Satu hal yang kini mengkhawatirkan KCCC ialah tren bisnis properti yang mulai menyasar machiya. Turis ternyata tak hanya tertarik menghuninya, tapi juga memilikinya. “Banyak investor Tiongkok membeli machiya. Belinya bukan satu-satu, tapi satu blok. Dan mereka sering kali membayar tunai,” ujar Shimagaki sembari memeragakan gerakan menyerahkan koper uang layaknya adegan transaksi mafia.

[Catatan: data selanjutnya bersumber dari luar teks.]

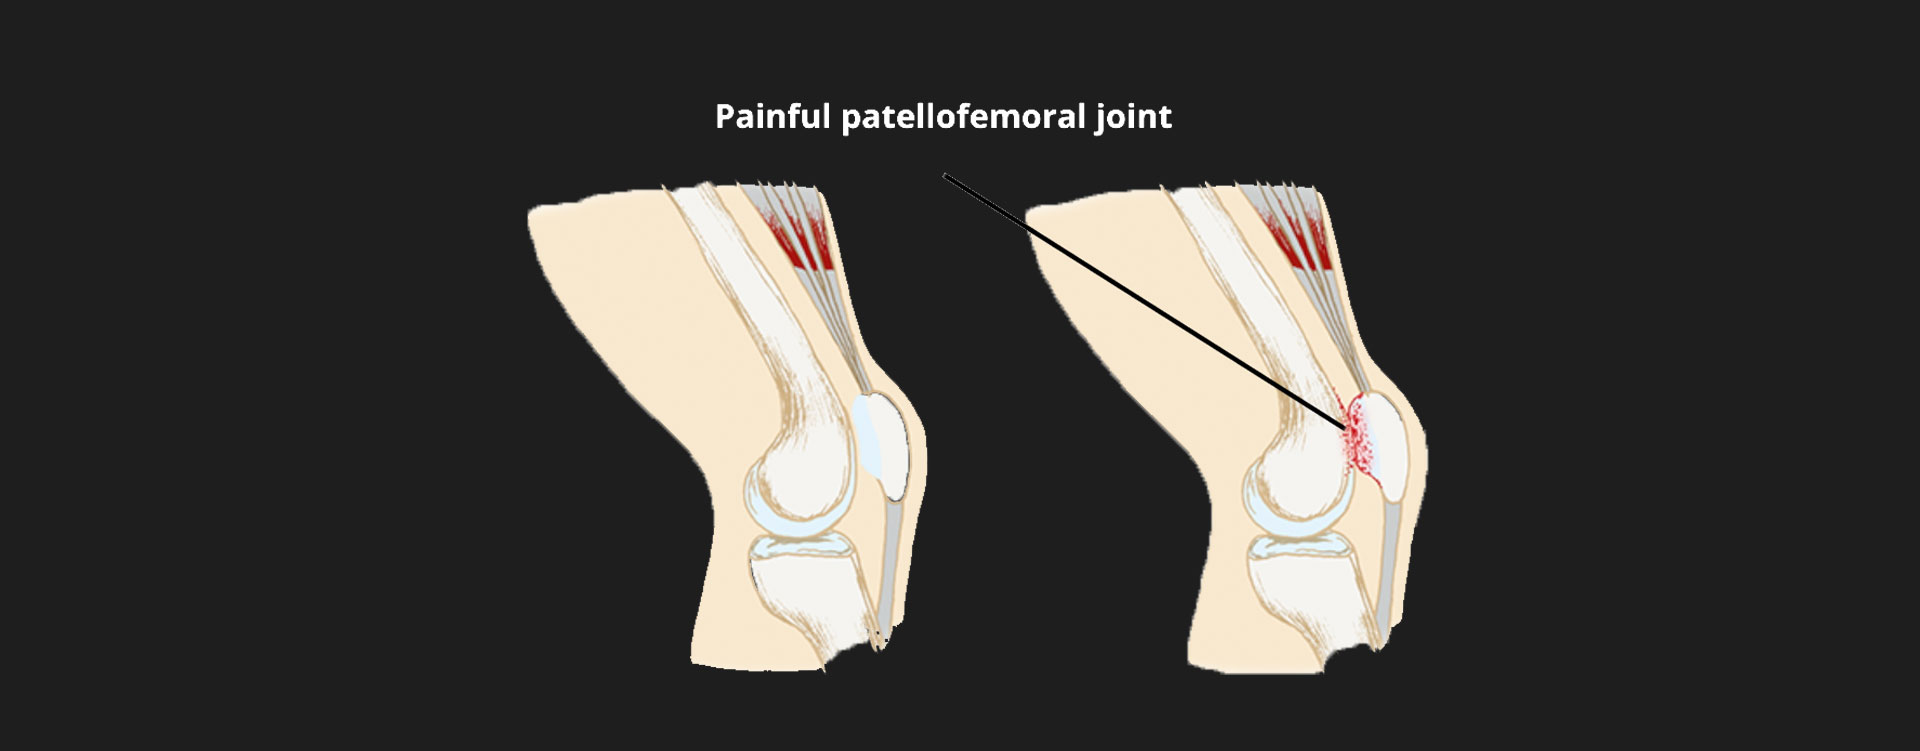 Patellofemoral-Pain

Machiya rupanya tak cuma sukar dirawat, tapi juga sulit dijaga. Hunian yang merekam masa lalu kota ini sekarang terancam menatap masa depannya di tangan asing. Problem tersebut sekilas mengingatkan saya pada George Town dan Venesia. Di dua destinasi historis itu, banyak bangunan tua juga telah dikuasai investor asing. Seiring itu, harga properti meroket dan biaya hidup melonjak. Akankah Kyoto bernasib serupa?
Shimagaki percaya machiya punya prospek lebih cerah jika dihuni warga lokal. Tapi dia juga harus maklum, rumah-rumah ini dimiliki oleh individu, dan pihak pemilik berhak menentukan apa yang akan dilakukan pada asetnya. Satu solusi yang bisa diambil tentu saja terobosan hukum untuk melindungi cagar budaya, tapi Shimagaki menatap langkah itu dengan pesimistis. “Hukum pertanahan Jepang masih lemah. Warga setempat sebetulnya tidak mau tanah mereka dibeli asing,” keluhnya. Untuk soal machiya, berbeda dari kanko kogai, Kyoto agaknya tidak bisa lagi menyalahkan turis, melainkan diri sendiri.
Dipublikasikan perdana di majalah DestinAsian Indonesia edisi April/Juni 2019 (“Perkara Populer”).